Aim of the task -> Reproduce the whole listing exactly and let no picture into the copy.

Available data ->
__________

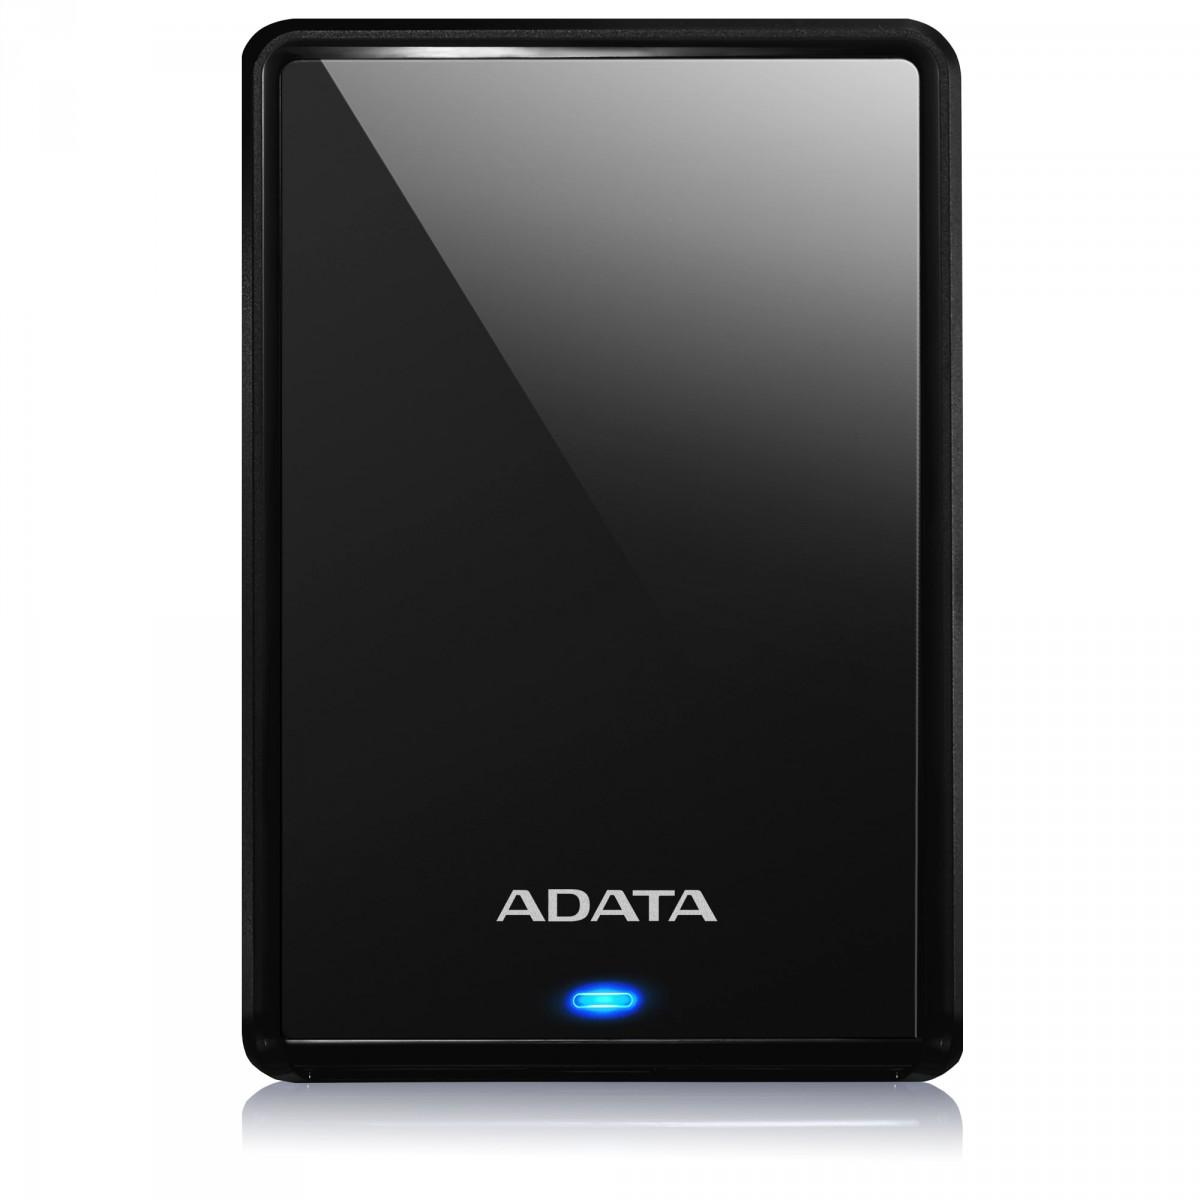 HD Externo Portátil Adata HV620S 2TB, USB 3.2, Black , AHV620S-2TU31-CBK
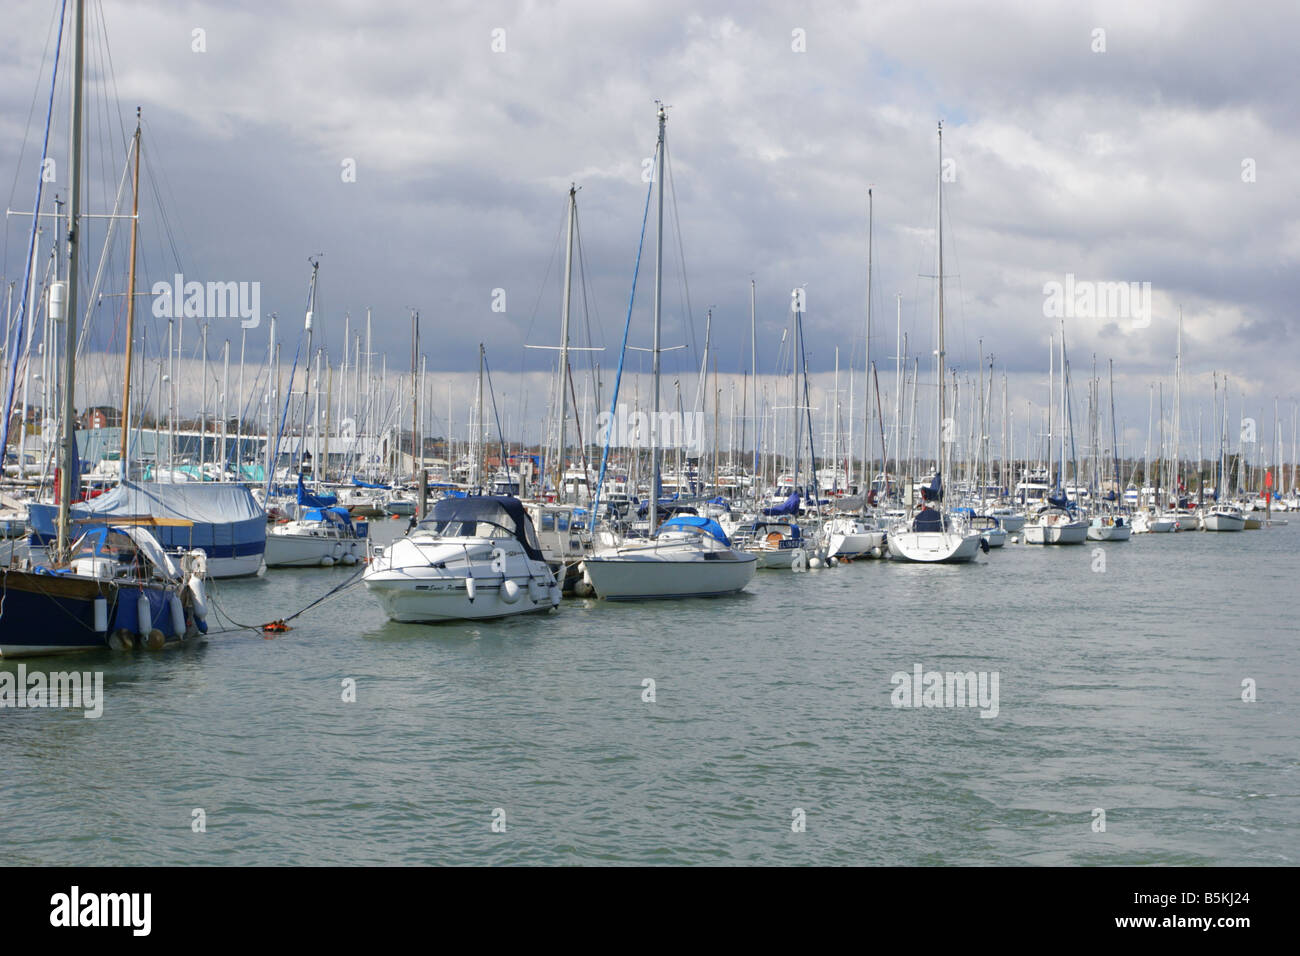 Yachts in Lymington Marina Taken April Lymington Hampshire UK - Stock Image
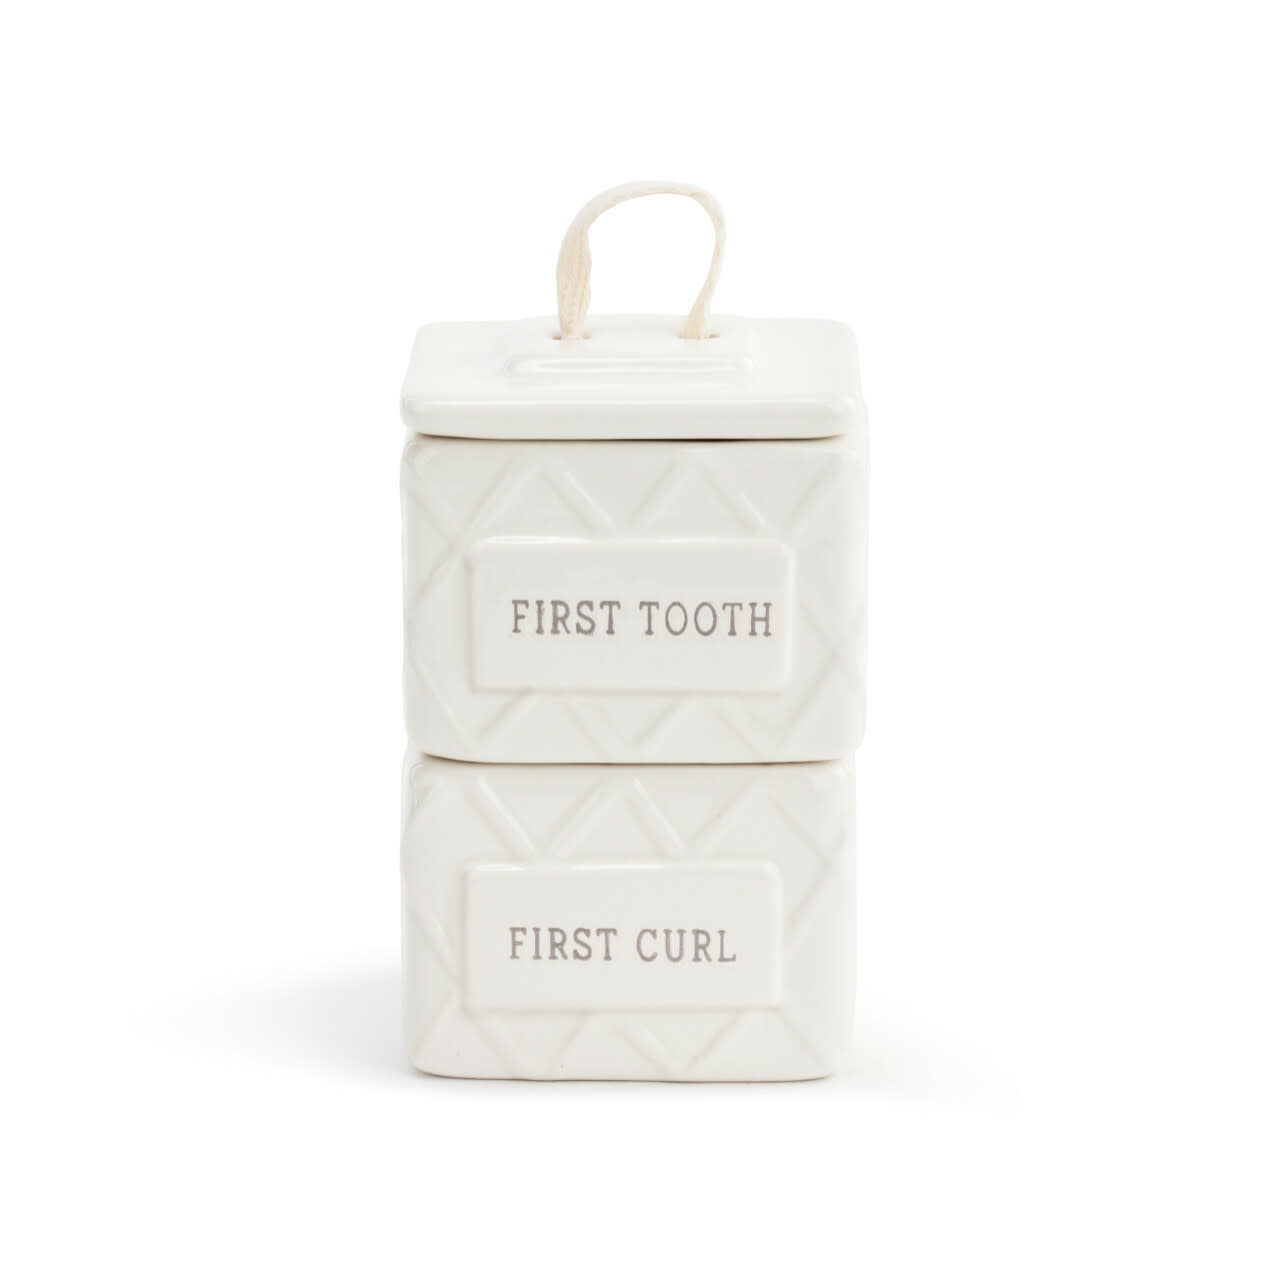 demdaco Koala Tooth/Curl Box
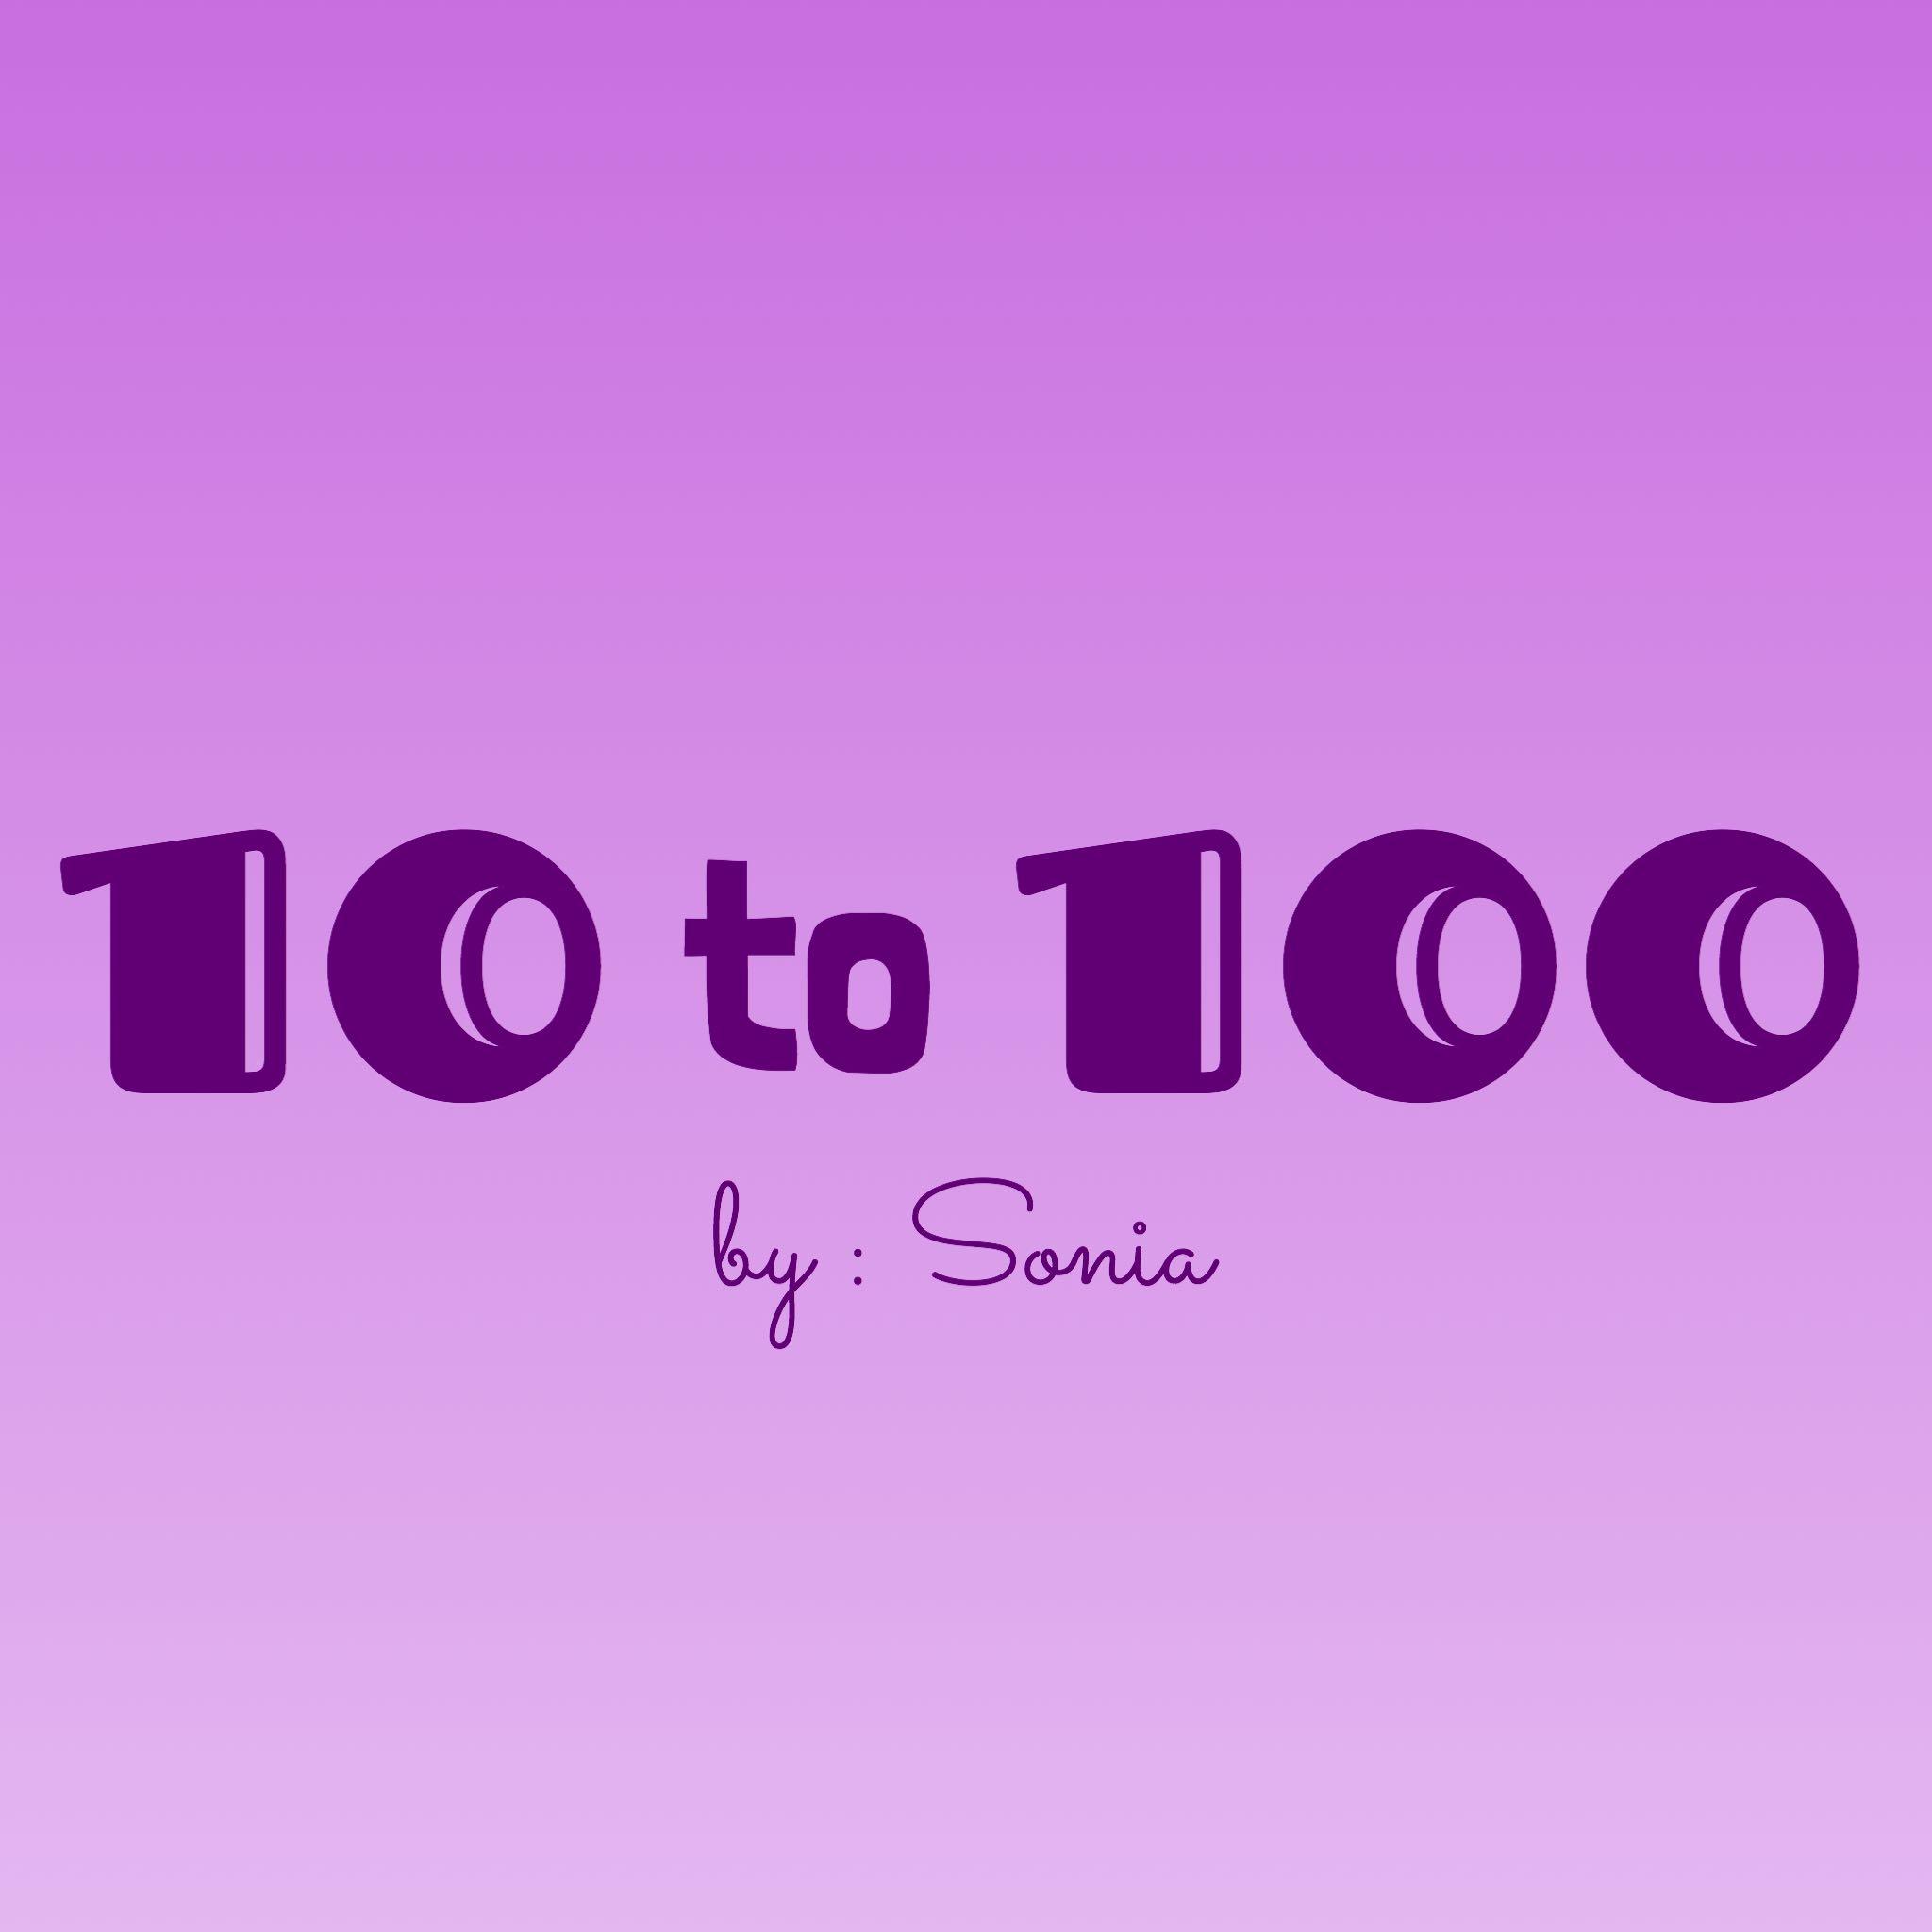 10to100

__________

Answer section ->
 HD Externo Portátil Adata HV620S 2TB, USB 3.2, Black , AHV620S-2TU31-CBK
 Yachts in Lymington Marina Taken April Lymington Hampshire UK - Stock Image
 demdaco Koala Tooth/Curl Box
 10to100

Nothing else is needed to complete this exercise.